Arteta, for his part, has no desire to lose his captain. The club’s intention, as briefed back in March, is to secure Odegaard on a new long-term deal at the Emirates Stadium. Arsenal see him as central to their project, not a bargaining chip.
Merson, though, is talking about ruthless evolution. Champions who want to stay champions often have to break something precious to build something stronger.
‘Sevens and eights’ – but missing the electric nine
Merson’s admiration for this Arsenal side is clear. “I’d be shocked if Arsenal went away. I just think Arsenal are a proper solid, solid football team with solid seven, eight out of 10 players, week in, week out,” he said. “Across the board, sevens and eights.”
That consistency is what wins leagues. It’s also what gives the sense that Arsenal are here to stay, not just enjoying a one-off surge.
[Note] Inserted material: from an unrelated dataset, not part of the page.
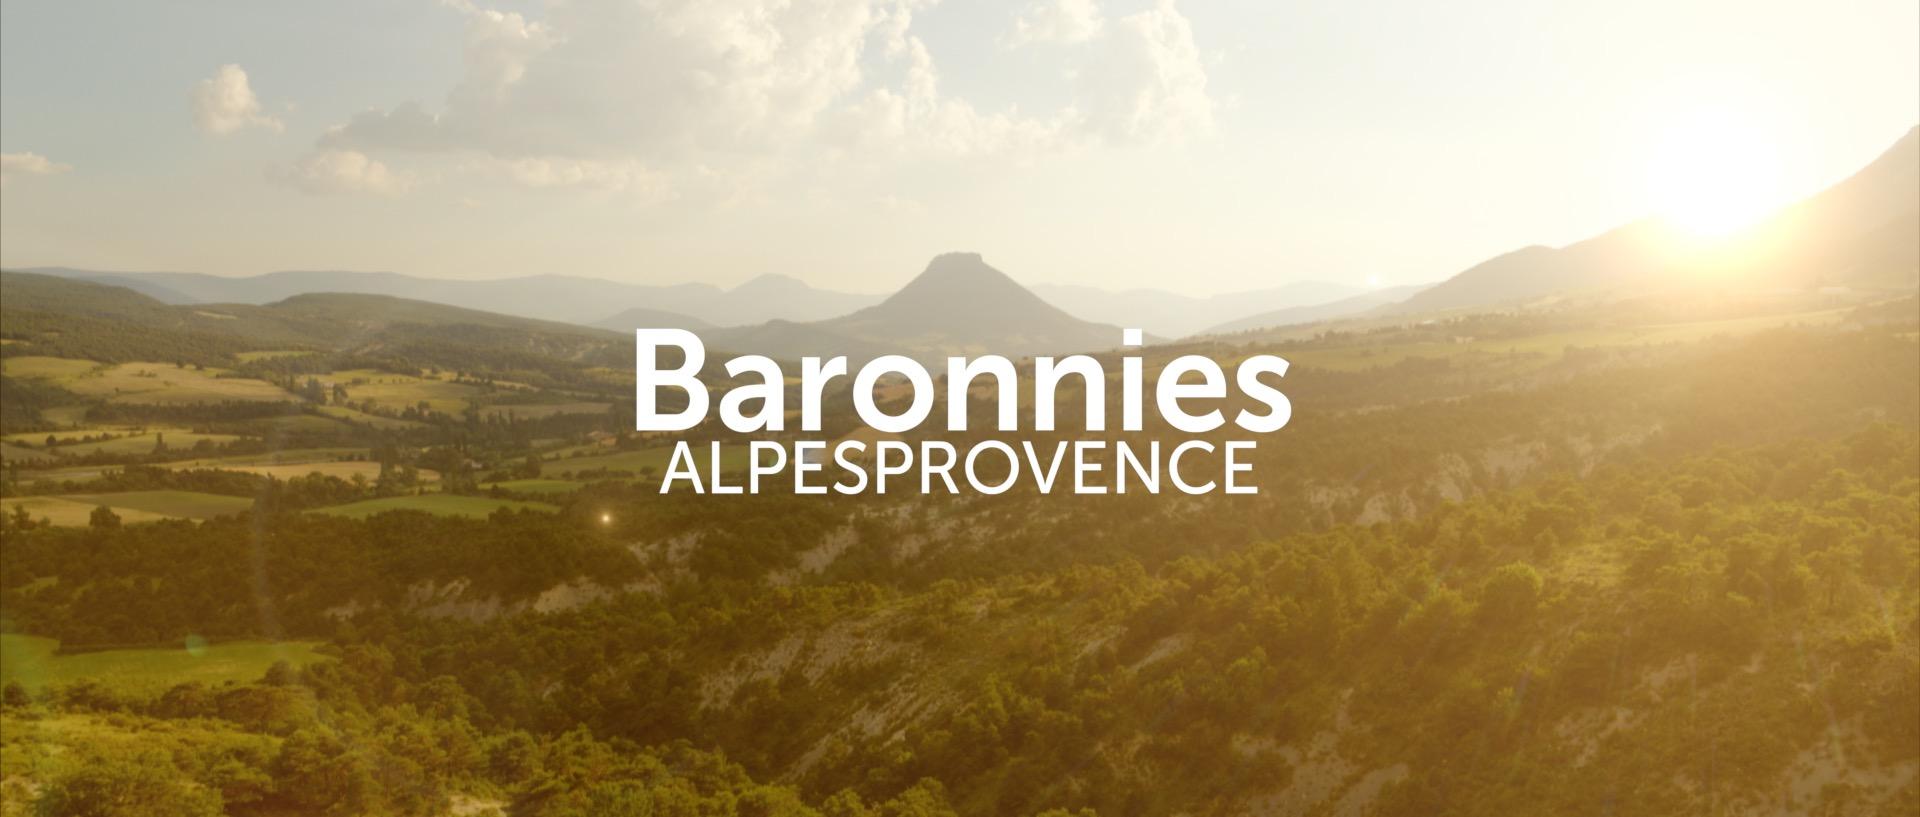 baronnies_alpes_provence_01.jpg

The spine is settled, the structure clear, the mentality hardened by the scars of previous failures.
Yet he keeps coming back to the same theme: the attack needs more edge.
Reflecting on the Champions League final defeat to PSG, Merson argued that the narrative would have flipped entirely if Arsenal had managed the game better in the key moment.
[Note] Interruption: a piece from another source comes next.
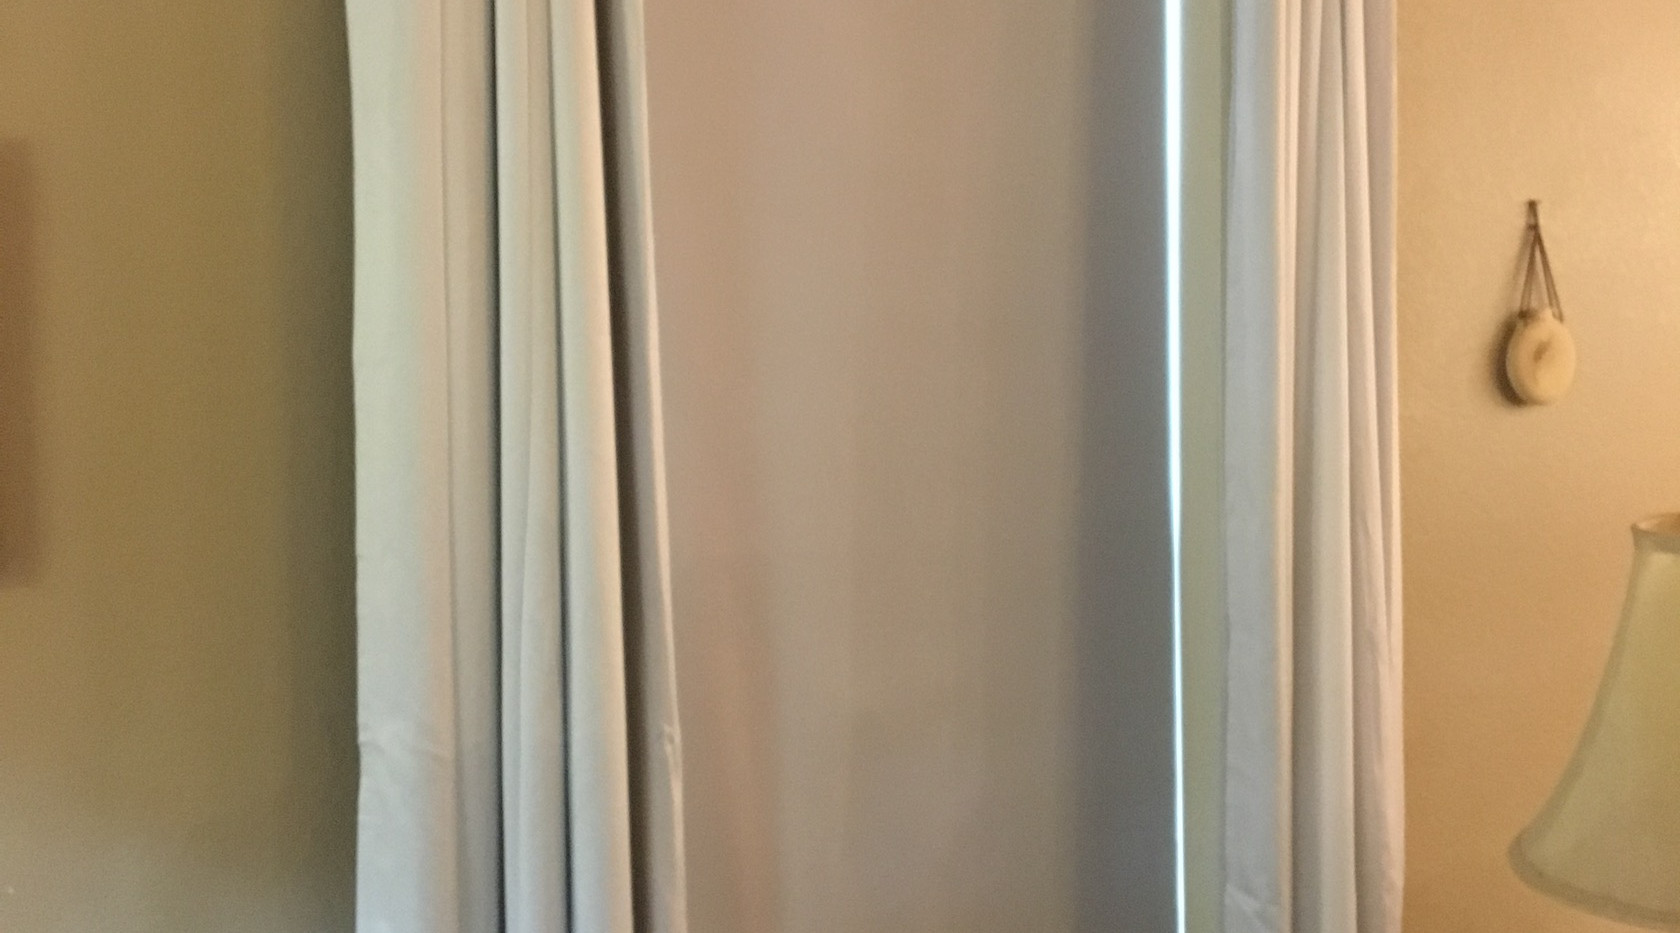 South window open drapes

“If they’d have held on, didn’t give away the penalty and won 1-0, we’d be sitting here now saying it’s a masterclass of all masterclasses,” he said. A single mistake, a single swing in momentum, and the story turned.
For him, that’s where an “electric” centre-forward changes everything.
“They’re screaming out for a centre forward with pace. I think if they can get a centre forward with pace, who’s electric, then I think they’ll dominate, and I think they’ve got every chance of the Champions League next year.”
That word – dominate – is not used lightly. Merson is not talking about another title challenge. He’s talking about a spell of control, a team that sets the standard at home and abroad.
Big fees, big calls
Arsenal’s recruitment drive is not limited to the middle of the front line. They are also in the market for a wide forward and, according to sources, have taken a serious liking to a Premier League star whose club has no intention of selling. Any deal could cost as much as £100m.
Those are the sort of numbers that reshape a squad and a wage bill. They also force clarity. Who is absolutely untouchable? Who becomes a means to an end?
Merson’s suggestion that even Odegaard’s future might be weighed against the chance to bring in a different kind of attacking threat underlines how high the stakes now are for Arsenal. Sentiment built this side. Brutal decisions might be required to push it to the next level.
Arsenal finally have the title they craved. The question now is whether they dare tear up part of what got them there to chase the one prize that still eludes them: the Champions League.